Уже в двух шагах от двери в свои покои Шеритра подняла голову, чтобы взглянуть на свое отражение. Сутулая, худая, – лишенная привлекательности девушка – гладкое медное зеркало высотой от пола до потолка было к ней совершенно безжалостно. «Я ничего не могу с собой поделать, – подумала она с отчаянием, граничащим с паникой. – И лишь он один обладает способностью изменять меня до неузнаваемости, поэтому я не должна упускать такого шанса. Так что на этот раз не стану заботиться об остальных». И, отвернувшись от медной стены, она вошла к себе.

Казалось, что ужин не кончится никогда. Мать явно мучилась от головной боли, но тем не менее она приложила все усилия, чтобы как полагается принять двух глашатаев фараона, неожиданно посетивших их дом по пути на юг, в Нубию. Потом, после ужина, Шеритра отправилась на поиски Гори. Брат с угрюмым видом сидел у главного входа, положив больную ногу на возвышение и уставившись в душную тьму, которая, казалось, еще больше раскаляется от ярко горящих факелов, освещающих двор перед домом и мощеную дорожку к причалу. Шеритра, подобрав платье, уселась у его ног прямо на ступени, ведущие внутрь дома. Гори поднял на нее глаза. Он улыбнулся ей своей обычной обезоруживающей улыбкой, но Шеритру не так-то легко было обмануть.
– У тебя какое-то горе, правда? – спросила она напрямик. – И мне кажется, что причина твоего несчастья не в больном колене.
Он едва слышно пробормотал ругательство, потом усмехнулся.
– Твоя проницательность просто сбивает с толку, – ответил он. – Нет, колено здесь ни при чем. Отец завтра снимет швы.
Шеритра ждала, что он скажет что-то еще, но Гори молчал. На какое-то мгновение ей показалось, что, может быть, лучше будет промолчать, но ее пугала отчужденность, вдруг ворвавшаяся в их семью, необъяснимое охлаждение, которое возникло между родителями, между отцом и ею самой, между отцом и братом. Она ощущала в душе отчаянное желание не терять близости со своим прекрасным братом, которого так любила, потому что без него, она понимала, ей некого будет любить. Несмотря на свою разгорающуюся страсть к Хармину, она пока не во всем могла ему довериться.

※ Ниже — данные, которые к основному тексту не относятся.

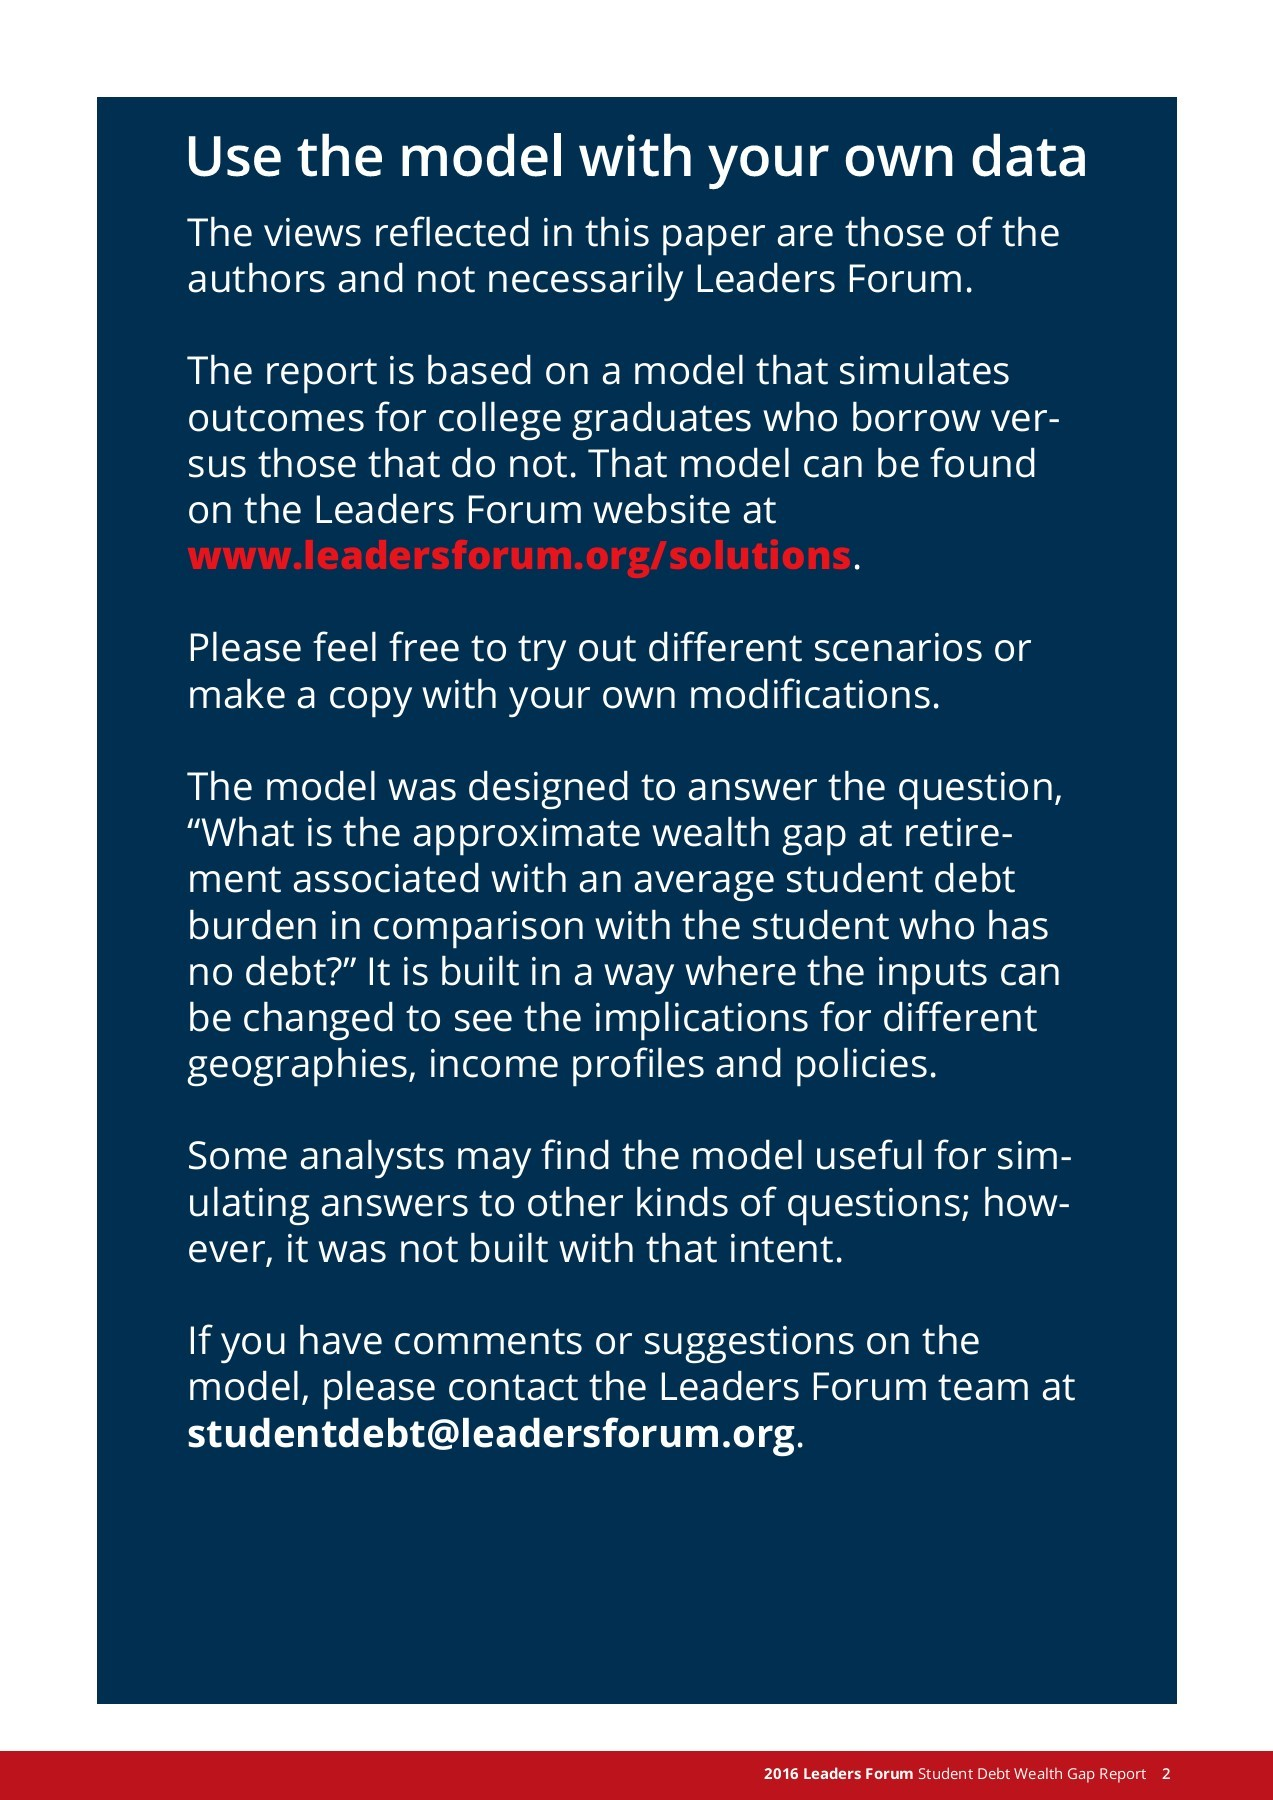 Solutions for America - LeadersForum
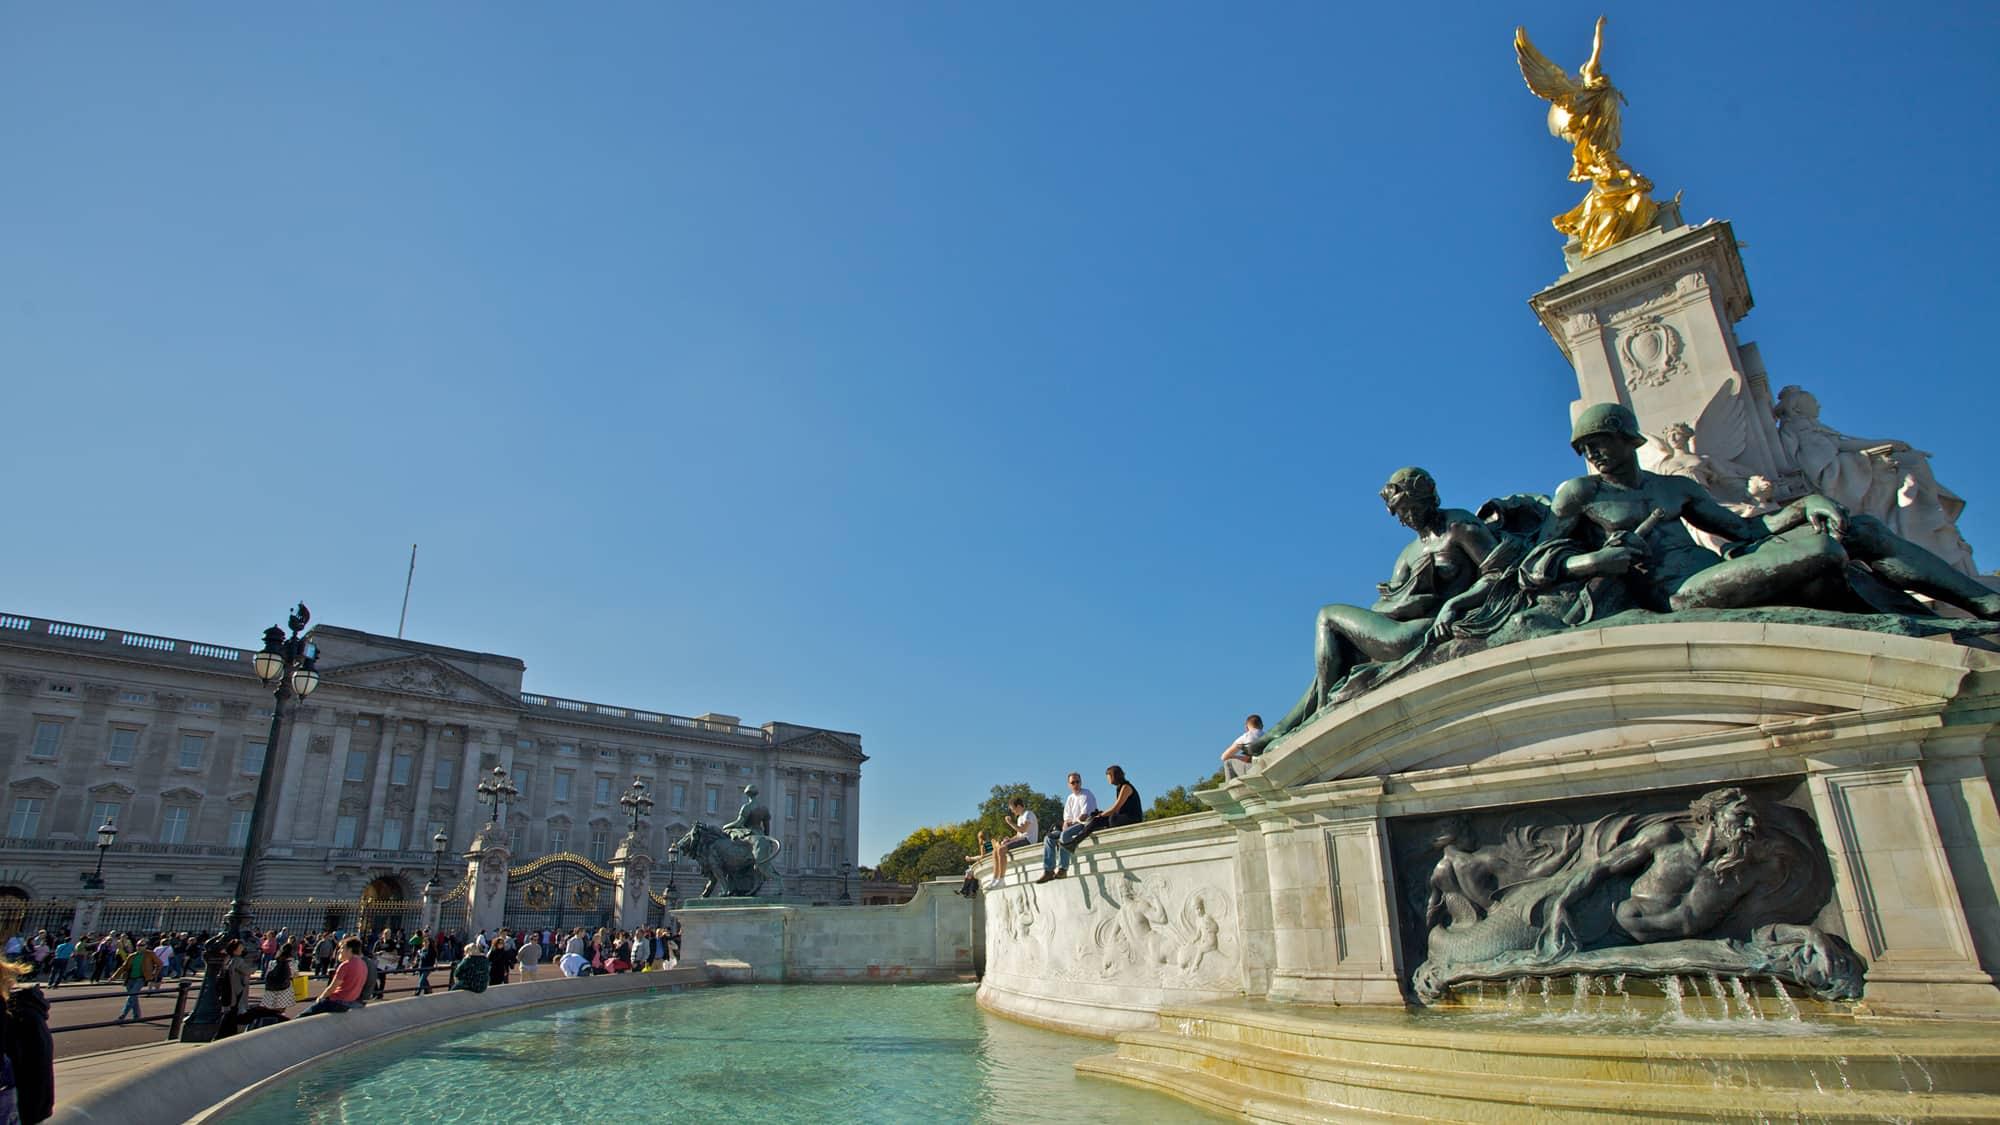 Buckingham Palace fountain in London

– Ты влюблен в Табубу, так ведь? – тихо произнесла она.
Она уже начала бояться, что Гори не ответит или, еще хуже, солжет ей, но вот он неуклюже потянулся к ней и коснулся губами ее щеки, пощекотав волосами.
– Да, – ответил он, выдавая сорвавшимся голосом глубокое волнение.
– Она знает об этом?
– Да. – Он вздохнул. – Когда я был у нее вчера, я во всем ей признался. Она же сказала, что я могу приезжать к ней когда захочу и что мы навсегда останемся добрыми друзьями.
Сердце девушки переполнялось жалостью к брату. Он был в таком отчаянии, он так запутался.
– И ты согласился? Гори сел прямо.
– Конечно нет! – воскликнул он. – Я сумею найти способ завоевать ее любовь. В конце концов, я ведь один из самых завидных женихов в Египте и, конечно же, самый красивый. Она не сможет устоять, если мое великолепное тело будет маячить у нее перед глазами достаточно часто.
Шеритру поразила циничность его слов.
– Но, Гори, ты ведь никогда… твоя сила именно в том…
– Ну, я просто никогда прежде не задумывался, какую хорошую службу может сослужить привлекательная внешность, каким мощным оружием она может стать, – со стоном произнес он. – Мужчины у нее нет. Если бы ее чувства были отданы кому-то другому, она сказала бы мне об этом. Нет, Шеритра, сейчас она засела у меня в печенках, но настанет день, когда у нее в печенках засяду я.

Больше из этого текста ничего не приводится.